Reinforcement Learning (RL): Online diarization can be framed as an RL/MDP or contextual bandit, with dynamic action sets and reward feedback for online speaker assignment (Lin et al., 2023). Actions include assigning current segments to existing speaker “arms” or creating new entities, and Q-learning updates the decision policy on-the-fly, with tabular or DQN implementations. This offers adaptability for streaming or teleconference settings with dynamic speaker inventories.

6. Application Domains and Performance

SDR systems are deployed in diverse domains:

Meetings and Conferences: Real-time diarization and recognition with 2–10+ overlapping speakers, using distant or headset microphones (Raj et al., 2020, Bando et al., 2024, Cornell et al., 2023).
Broadcast and Large-Scale Archives: Scalable two-stage pipelines enable diarization and speaker linking across thousands of hours, dealing with channel, noise, and code-switching variability (Yılmaz et al., 2019).
Challenging Far-field/Noisy Environments: Microphone arrays with spatial spectrum estimation or virtual microphone simulation (Pyroomacoustics-based) enable SDR in classrooms, open offices, and far-field setups (Zheng et al., 2021, Gomez, 2022).
Evaluation: The best systems (e.g., ensemble-based fusion (Park et al., 2023), LLM-based end-to-end (Yin et al., 8 Aug 2025)) achieve DERs of 3.5–6% on VoxSRC, with cpCER and $\Delta$ cp gaps nearly closed on complex multi-speaker test sets.
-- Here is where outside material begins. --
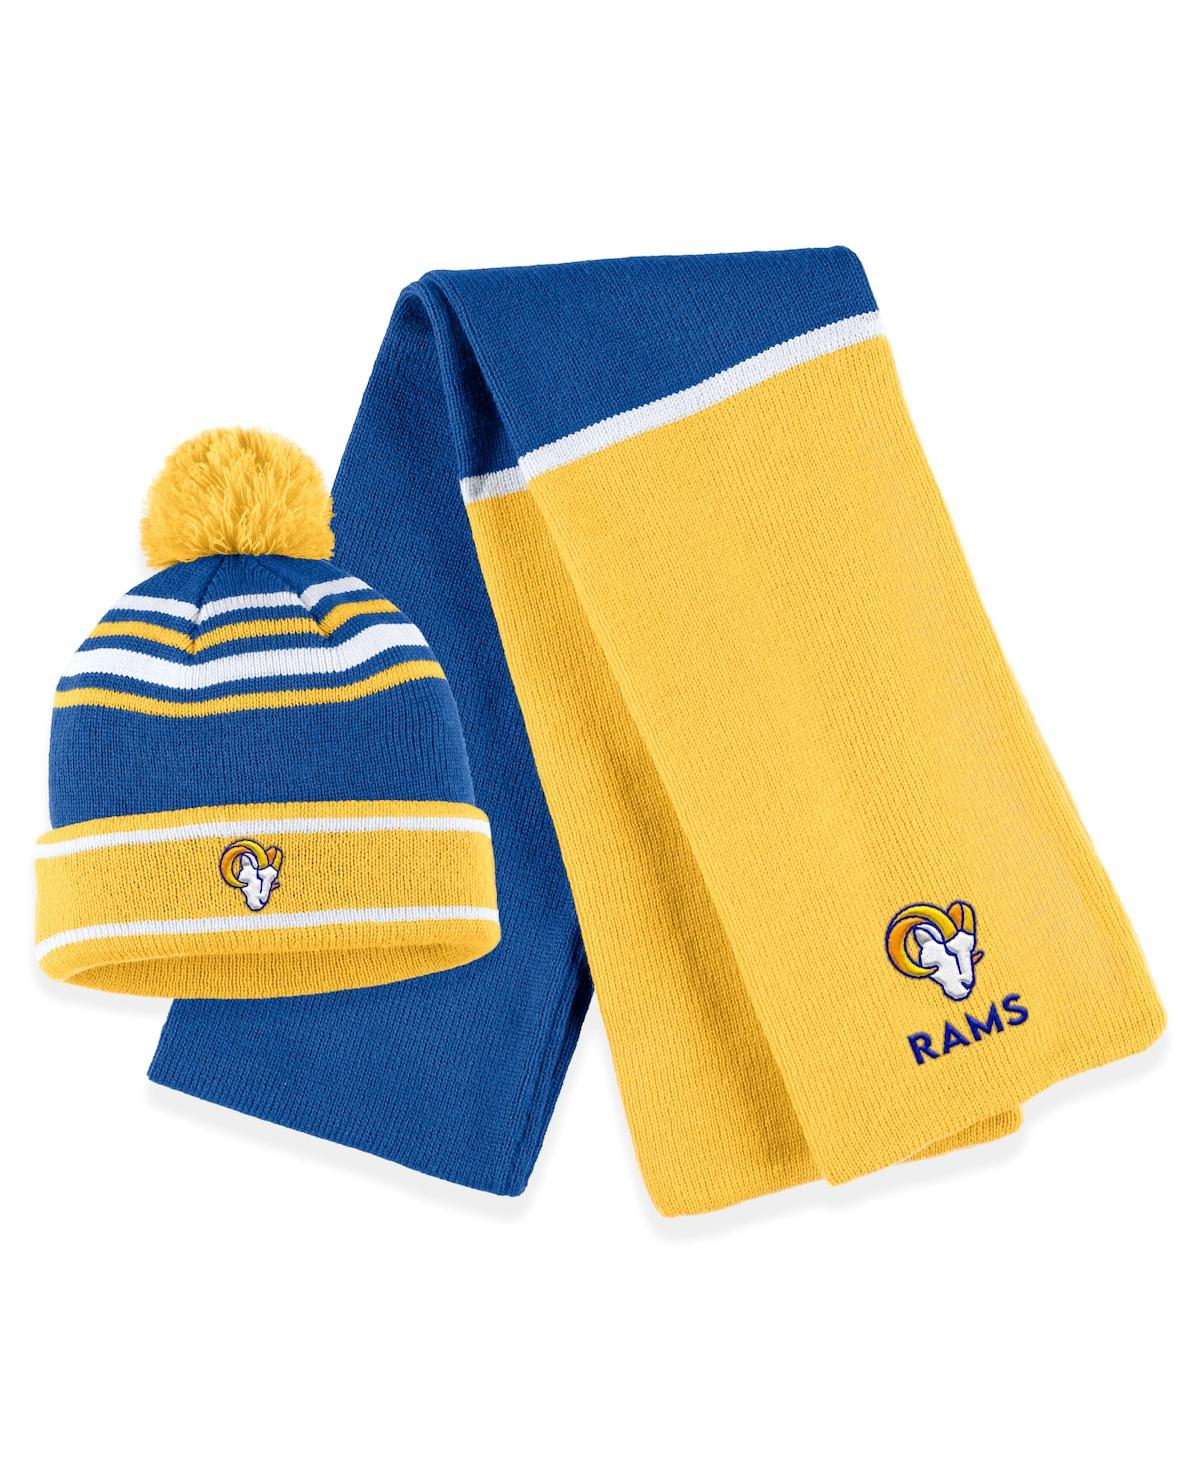 Women's Wear by Erin Andrews Royal Los Angeles Rams Colorblock Cuffed Knit Hat with Pom and Scarf Set - Royal

7. Challenges, Limitations, and Future Directions

Overlapping Speech: DER and recognition accuracy degrade with >2 concurrent speakers unless joint separation/diarization architectures are used (Bando et al., 2024, Morrone et al., 2024).
Scalability: Large-scale linking ( $N \gg 10^4$ ) incurs $O(N^2)$ time and memory in PLDA scoring and clustering; approximate nearest-neighbor search and hierarchical blocking are promising directions (Yılmaz et al., 2019).
Error Propagation in Cascaded Pipelines: Joint or end-to-end systems (e.g., SpeakerLM, SLIDAR) mitigate the “error cascade” by training the ASR and diarization in a shared framework, which empirically reduces attribution-related WER by several absolute percent (Yin et al., 8 Aug 2025, Cornell et al., 2023).
Adaptability and Low Resource: RL and open-set recognition frameworks support speaker dynamics and adaptation to domain mismatch without retraining on large, labeled datasets (Lin et al., 2023).
Incorporation of Lexical/Semantic Information: Systems utilizing ASR-derived boundaries (word-level turn probabilities) or BERT-based dialogue segmentation have demonstrated clear reductions in DER and speaker-attribution WER, especially in rapid-turn or conversational corpora (Park et al., 2020, Cheng et al., 2023).
Generalization: The dominant trend is toward LLM-based, end-to-end architectures with modular registration support, large-scale pretraining, and flexible cross-modal integration. This suggests continued reduction in error propagation, improved generalizability across domains, and increasingly interactive or real-time SDR deployments.

In summary, speaker diarization and recognition research has advanced from modular, clustering-based pipelines to complex, flexible, and increasingly end-to-end frameworks capable of robust speaker-attributed transcription in realistic multi-speaker environments. The best systems integrate spatial, acoustic, lexical, and semantic cues, leverage LLMs and massive data, and adapt dynamically to varying speaker inventories and noise conditions, advancing SDR toward fully general and reliable multi-party conversational analysis.